Bitcoin as illustration.

Explaining how this all works in Bitcoin provides a helpful example.

So, what are the connected computers in the Bitcoin blockchain technology? They are any devices on the Internet running Bitcoin-compatible software. That software could be a wallet app or it could be software for “mining” bitcoin. If, for example, you run a Bitcoin software wallet on your phone, then whenever you send or receive Bitcoin transactions your phone will be talking directly to any other nearby computers that are running Bitcoin software; it’s peer-to-peer. Some people are uncomfortable running important software on their personal devices and that’s reasonable because if you are not careful when you run that software, you could accidentally lose your bitcoins. So some people might use a Bitcoin wallet that is created and maintained by a company. In this case, the wallet app on your smartphone will talk to a server that the company maintains, and it’s that server that connects to the peer-to-peer network on your behalf.

What about the consensus mechanism in Bitcoin? Well, as with any consensus mechanism, it’s a series of rules written in computer code. To be compatible with the Bitcoin network any software you run on your Internet-connected device must follow these rules. If your software is modified to try and break the rules, then the messages it sends on the Internet will be ignored by all the other computers running honest, rule-obeying Bitcoin software.

There are a bunch of rules in the Bitcoin consensus mechanism, but we can highlight two of them here and transcribe them roughly from computer code into natural language:

Nobody can send bitcoins that they have not first received from someone else or a coinbase transaction.
Every 10 minutes one of the connected computers will be selected to choose the order of valid transactions for that period; that computer can write itself a coinbase transaction.

That first rule is pretty self-explanatory.
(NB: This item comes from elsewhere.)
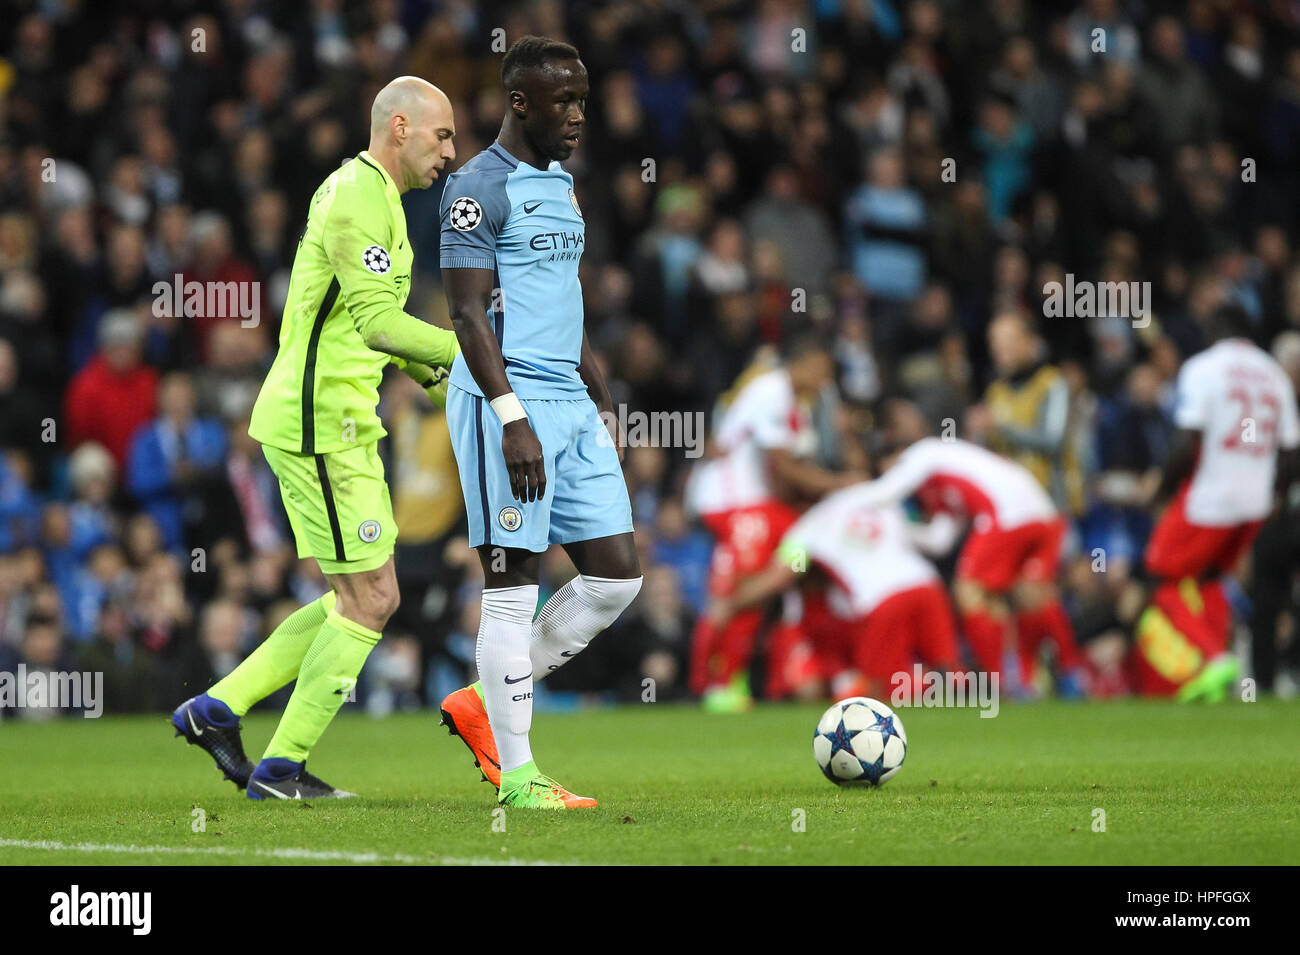 Manchester, UK. 21st Feb, 2017. Bacary Sagna of Manchester City and Claudio Bravo of Manchester City look dejected as Radamel Falcao of Monaco celebrates after scoring his side's third goal during the UEFA Champions League Round of 16 first leg match between Manchester City and AS Monaco at the Etihad Stadium on February 21st 2017 in Manchester, England. Credit: PHC Images/Alamy Live News Stock Photo
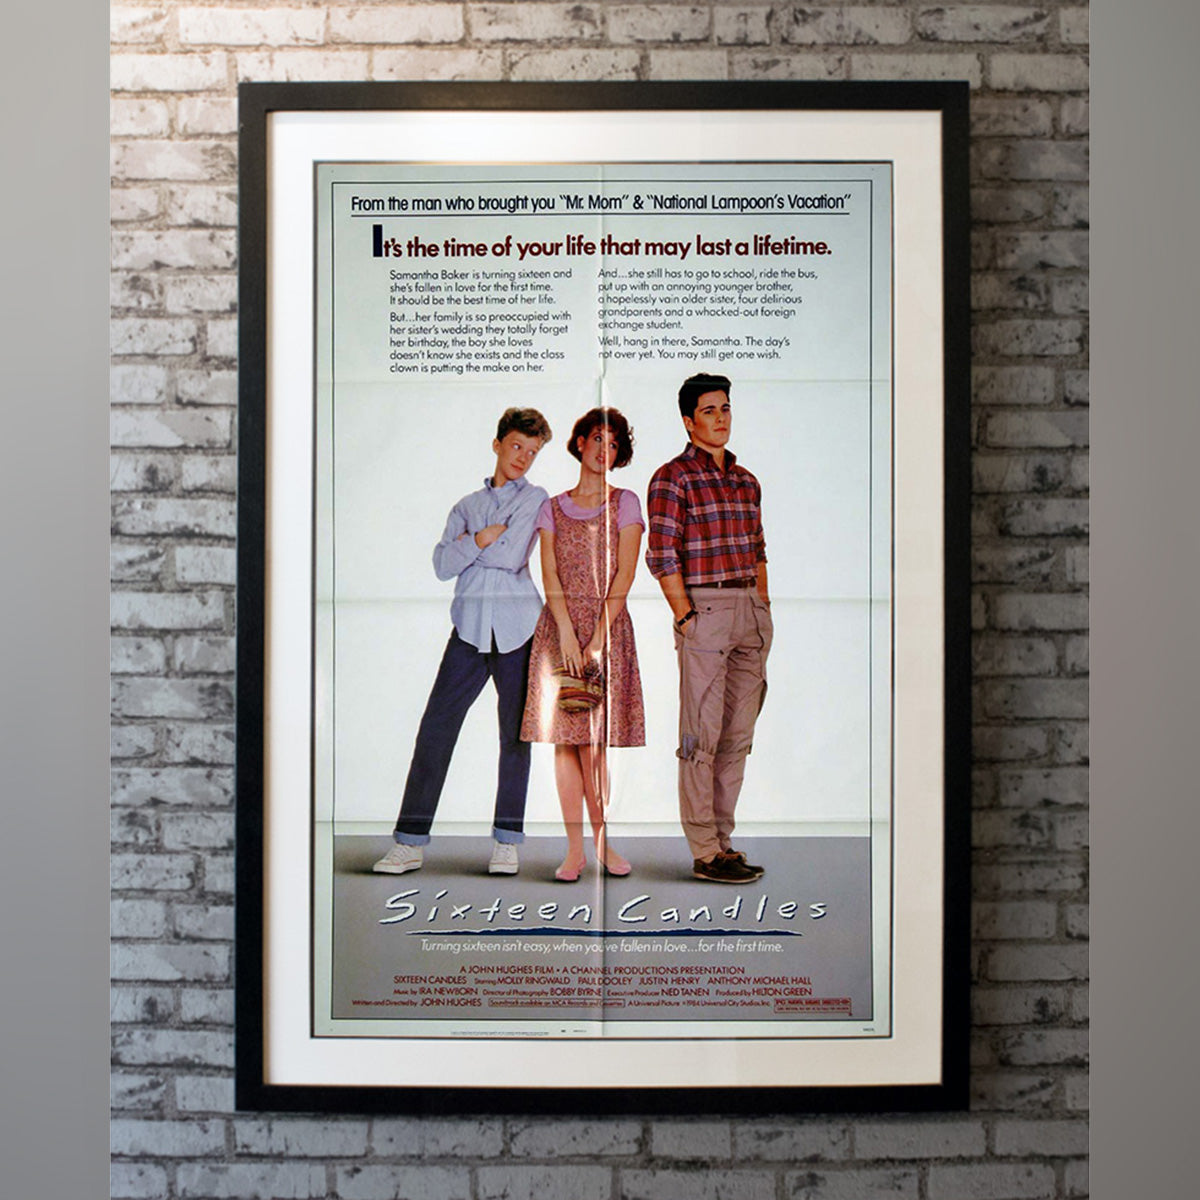 Original Movie Poster of Sixteen Candles (1984)

It’s a rule against counterfeiting. The only exception is when someone sends themselves brand new bitcoins (known as a coinbase transaction) according to the network’s rules for new money creation. The second one isn’t very hard to understand either once we have some context.

Recall that the connected computers are talking directly to one another, and keep in mind that those computers could be anywhere in the world because it all works on top of the global Internet.

If some computers are in, for example, China, and others are in the U.S., it’s likely they will get out of sync because messages about transactions will originate in different parts of the world and propagate across the Internet at different rates. A connected computer in China might think the most recent transactions came in this order: A, B, C. While a computer in the U.S. may have seen them come in the reverse order C, B, A. How do we make sure all the computers agree on the order? Well, as rule 2 specifies, every 10 minutes one computer will be chosen to state the authoritative order of transactions for that period of time, and then another will be chosen, and so on. In computer science this arrangement is called a repeated leader election, but unlike a normal political election the periodic leader is simply chosen at random.

Notice also that our rule 2 specifies that the leader can only give the order of valid transactions. If the chosen leader tried to include a transaction where they gave themselves millions of counterfeit bitcoins, then they would have broken rule one. Their scammy messages are simply ignored by the rest of the computers as per the rules of the consensus mechanism.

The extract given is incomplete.